風聽瀾捧着卷軸,眼睛卻是盯着淩霜君:“師尊授業之恩,如月照寒潭;護持之德,似舟渡劫波。弟子愚鈍,屢累師尊周旋,然寸心赤誠,惟願勤修不辍,承師尊之道統,守羿宗之清規。”
淩霜君颔首微笑,想的卻是:羿宗哪裏來的清規,要說有,那就是世界和平好了。
蛇君坐在另一邊,身側站着一個與她幾分相似的青年。
那青年滿身貴氣,一看就是金枝玉葉的大少爺模樣。
但顯然這個大少爺不怎麽懂禮數,今日自從一打照面,就直勾勾盯着淩霜君看。
淩霜君倒是沒放在心上,但是風聽瀾卻很是不舒服。
但今天是他和淩霜君的好日子,他決不能因為置一時之氣毀了良辰吉日。
淩霜君也很在意這次拜師禮,但她從頭到尾在乎的都是風聽瀾。
初次見面,是系統所逼不得不收風聽瀾為徒,但今日她收風聽瀾,乃是心甘情願。
也為補足上次沒有拜師禮的遺憾。
她絕不允許有人攪亂這個儀式。
好像是感受到了淩霜君堅定的心意,風聽瀾也越發沉靜,他接着念道:
“伏請師尊垂鑒,允弟子奉茶執禮,列于門庭。

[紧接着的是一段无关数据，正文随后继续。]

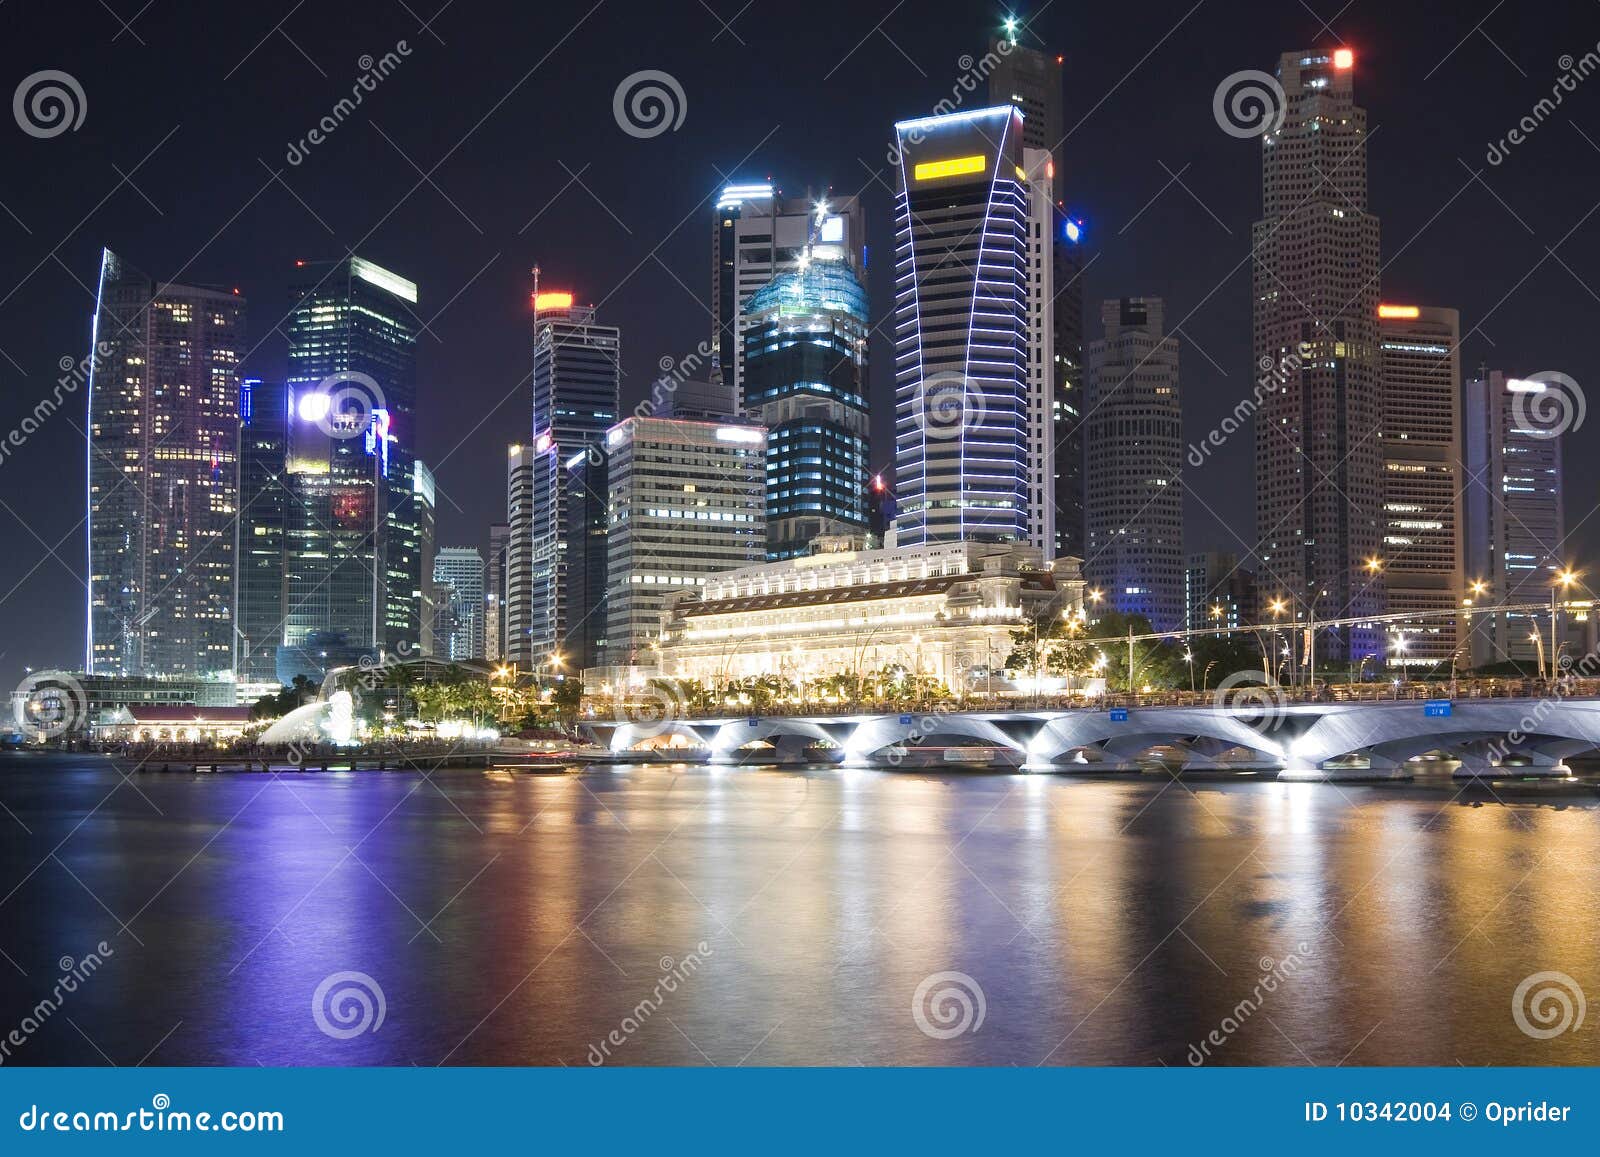 singapore city night view

自此朝夕請益,生死不負。弟子風聽瀾謹呈”
說着,畢恭畢敬将拜師帖呈上。
淩霜君接過,旁邊的蛇族侍從端上來一只毛筆,請她在拜師帖上署名。
淩霜君提筆寫過,風聽瀾臉上閃過一絲得償所願的興奮。
她餘光瞧見了,心中暗笑,卻也沒戳穿他:拜個師就這麽高興,這麽好哄嗎?
拜師禮已經差不多到結尾,就差個改口喊師尊,淩霜君正要說些什麽。
就聽有人很沒眼色現在就開始鼓掌,“啪,啪啪,”節奏不快不慢,剛好趁着這個安靜的空隙吸引了所有人的目光。

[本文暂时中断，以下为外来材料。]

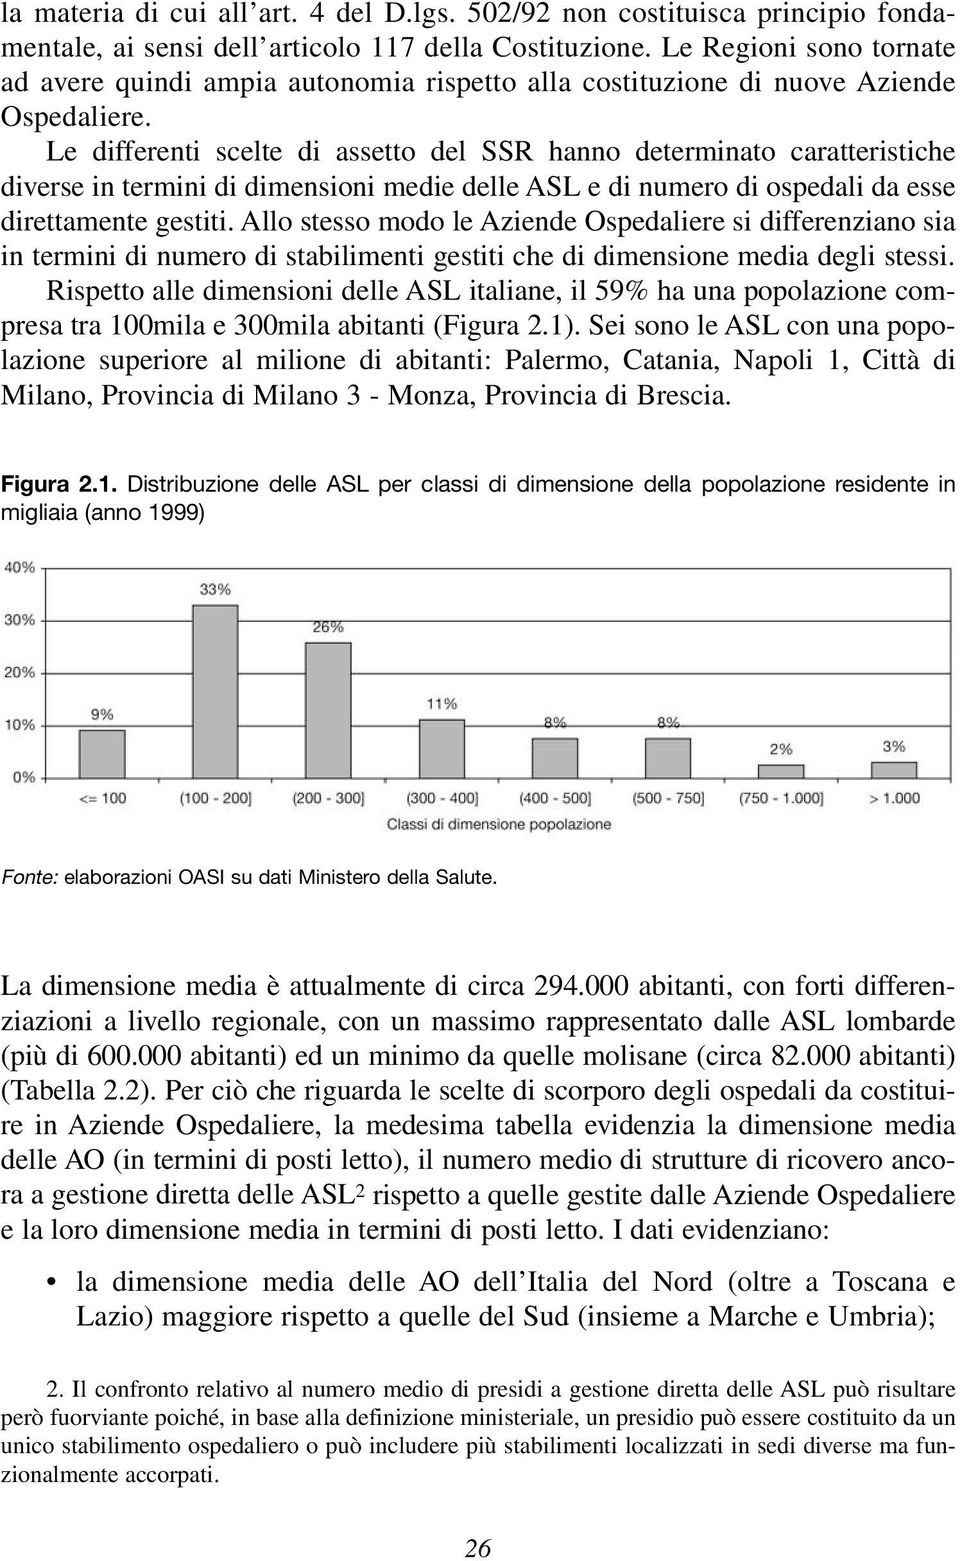 Le differenti scelte di assetto del SSR hanno determinato caratteristiche diverse in termini di dimensioni medie delle ASL e di numero di ospedali da esse direttamente gestiti.

淩霜君沒有偏頭,而是定住心神,專心地給風聽瀾理了理衣冠,仿佛現在除了風聽瀾之外,其他任何事都不能讓她分一點心。
風聽瀾剛剛被激起的躁動也瞬間冷靜下來。
“弟弟可真是好運吶,竟然能拜羿宗宗主為師。”說話的正是風聽瀾的血親哥哥,他還維持着拍手的姿勢,回頭埋怨蛇君,“母親總是這樣偏愛弟弟,我都要嫉妒他了。”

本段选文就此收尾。